◆ Data:
━━━━━━━━━━━━━━━━━━━━
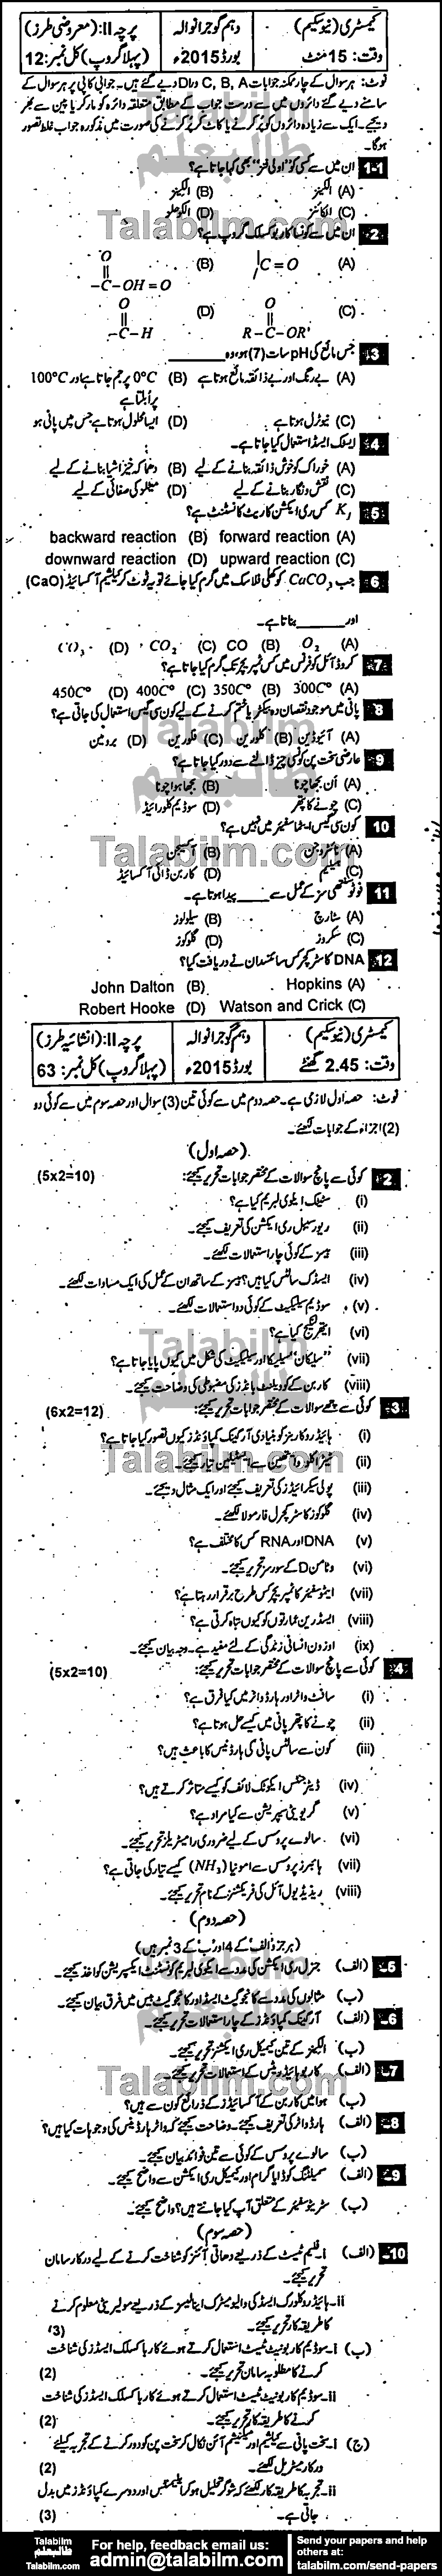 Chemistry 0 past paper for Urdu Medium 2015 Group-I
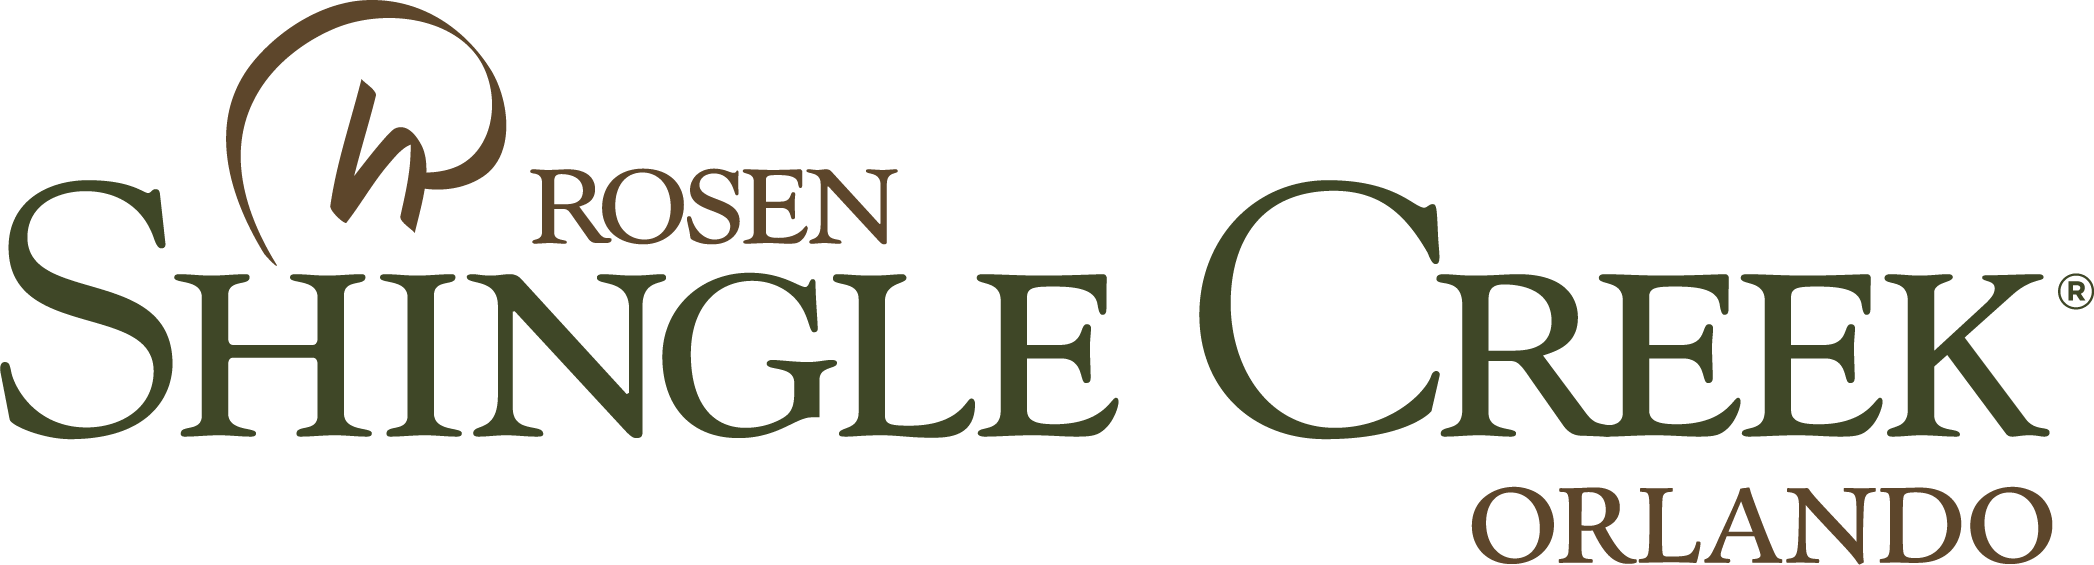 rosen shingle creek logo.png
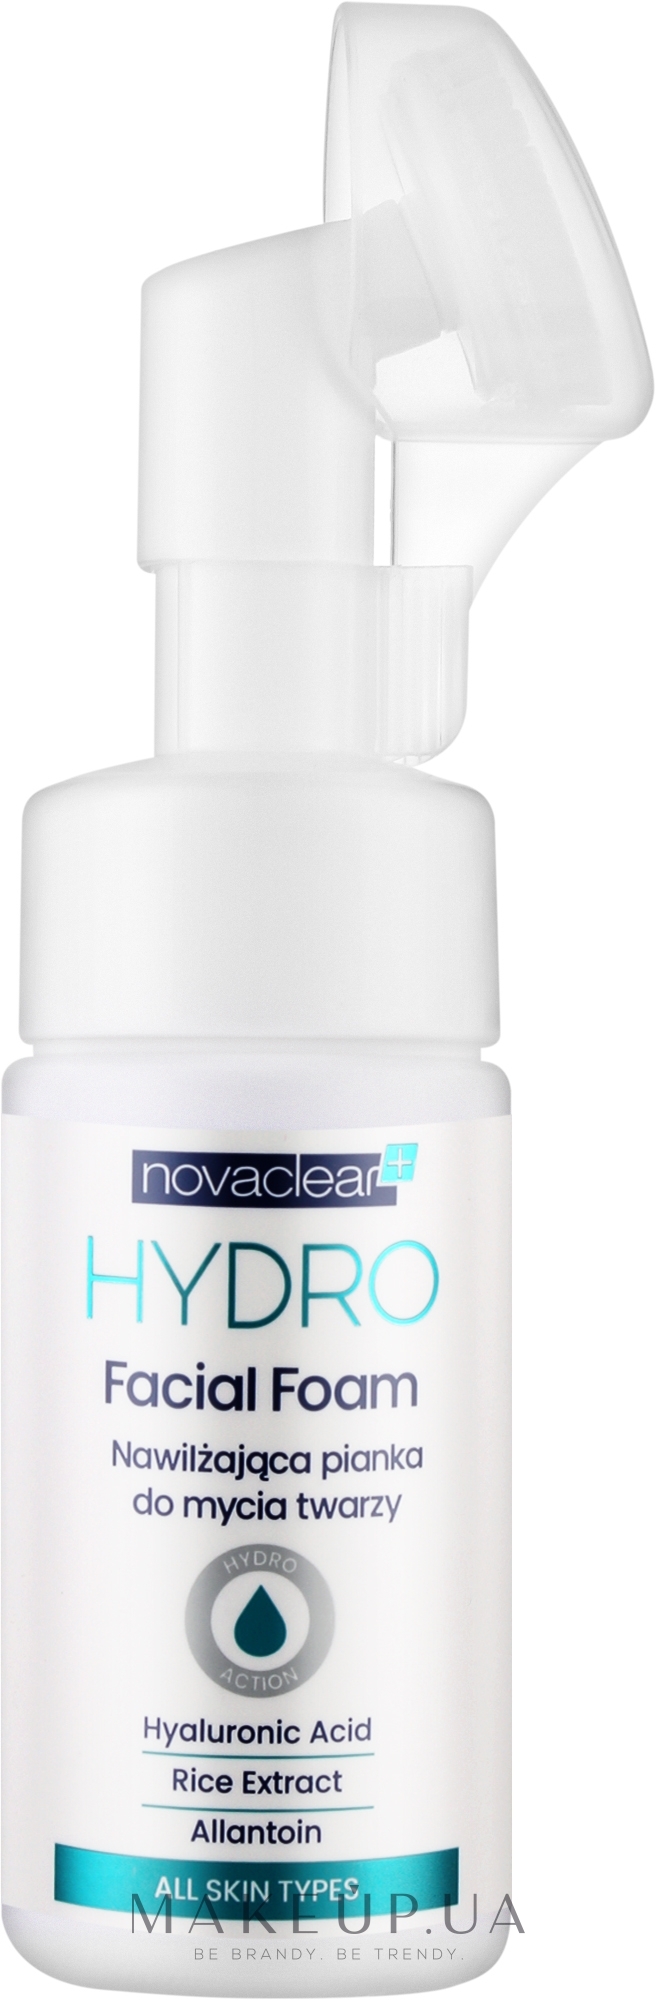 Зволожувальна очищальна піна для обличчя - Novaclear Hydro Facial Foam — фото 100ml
━━━━━━━━━━━━━━━━━━━━
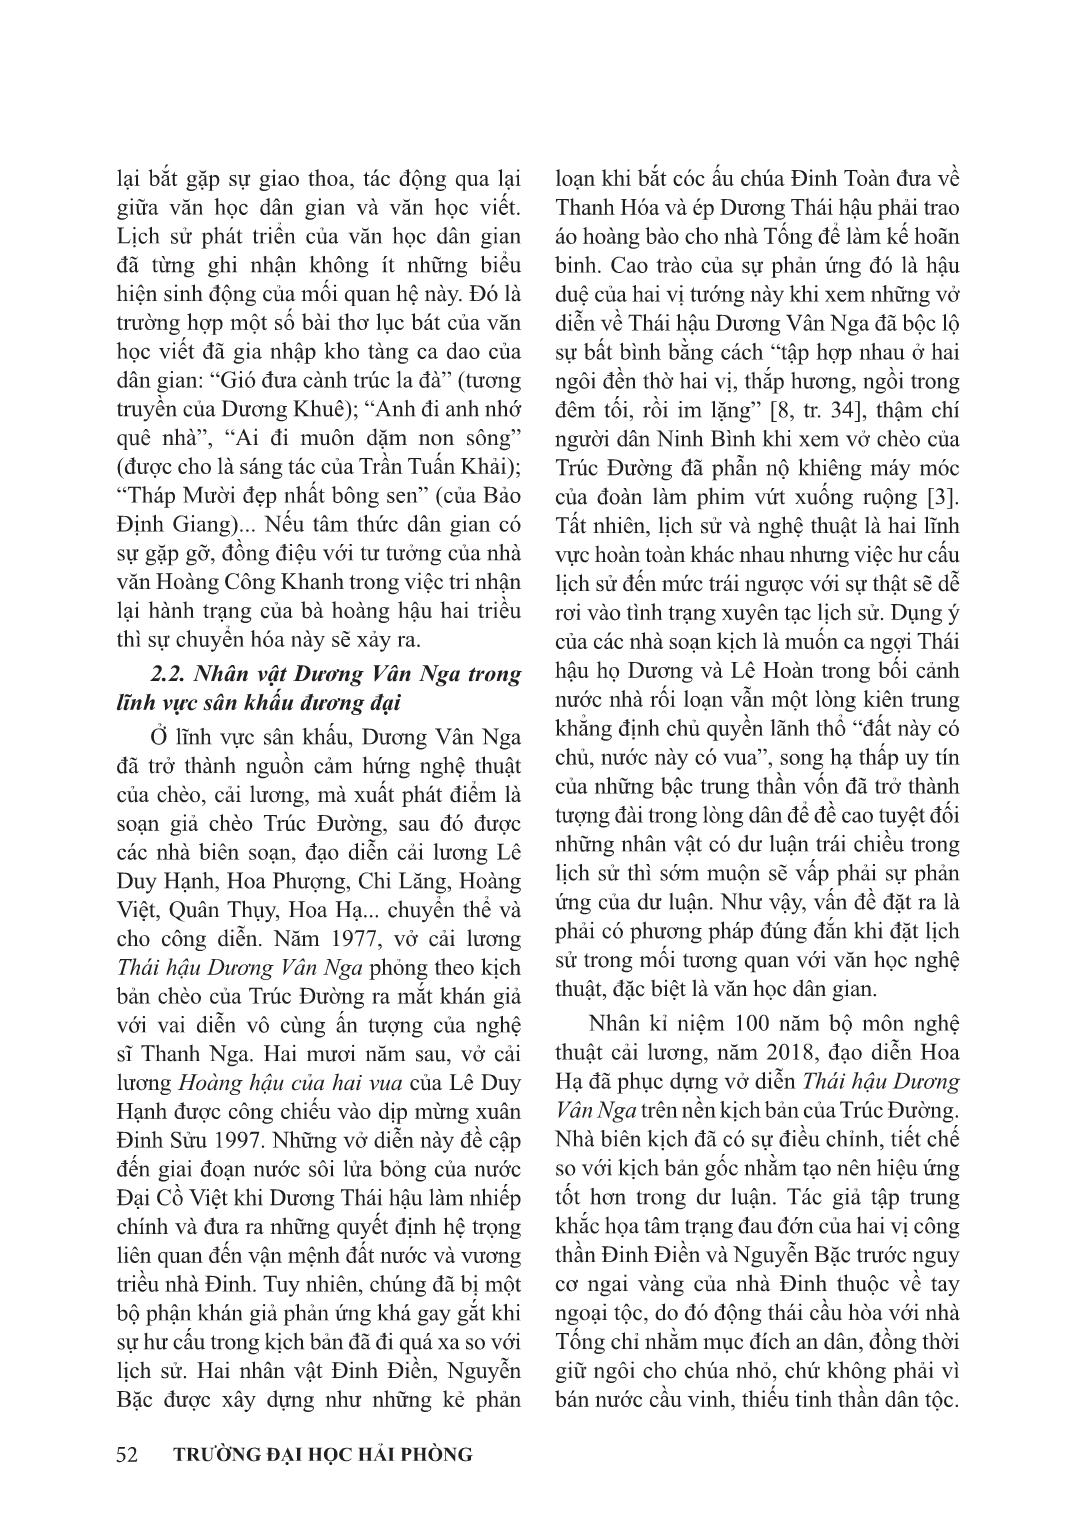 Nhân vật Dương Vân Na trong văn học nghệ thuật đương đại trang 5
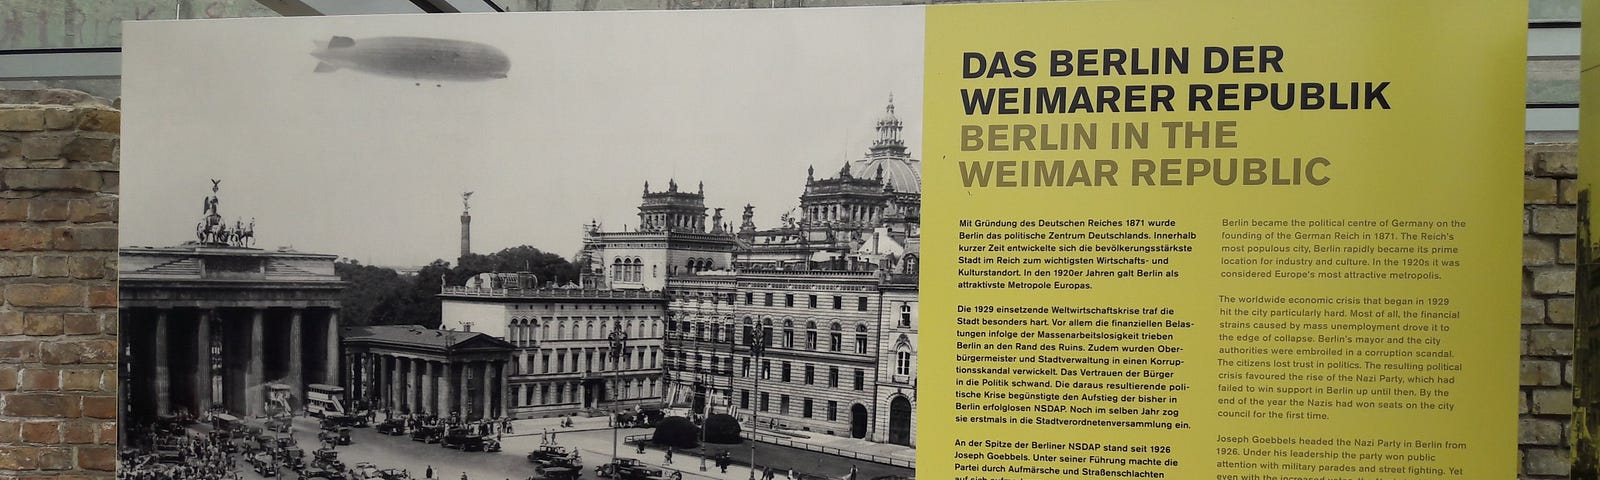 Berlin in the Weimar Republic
━━━━━━━━━━━━━━━━━━━━
◆ Task objective:
Once the line with "Nhân vật Dương" is found above, transcribe each line from it through the line with "Berlin in the Weimar Republic", exactly, and omit the pictures.

◆ Exercise output:
 Nhân vật Dương Vân Na trong văn học nghệ thuật đương đại trang 5
 Berlin in the Weimar Republic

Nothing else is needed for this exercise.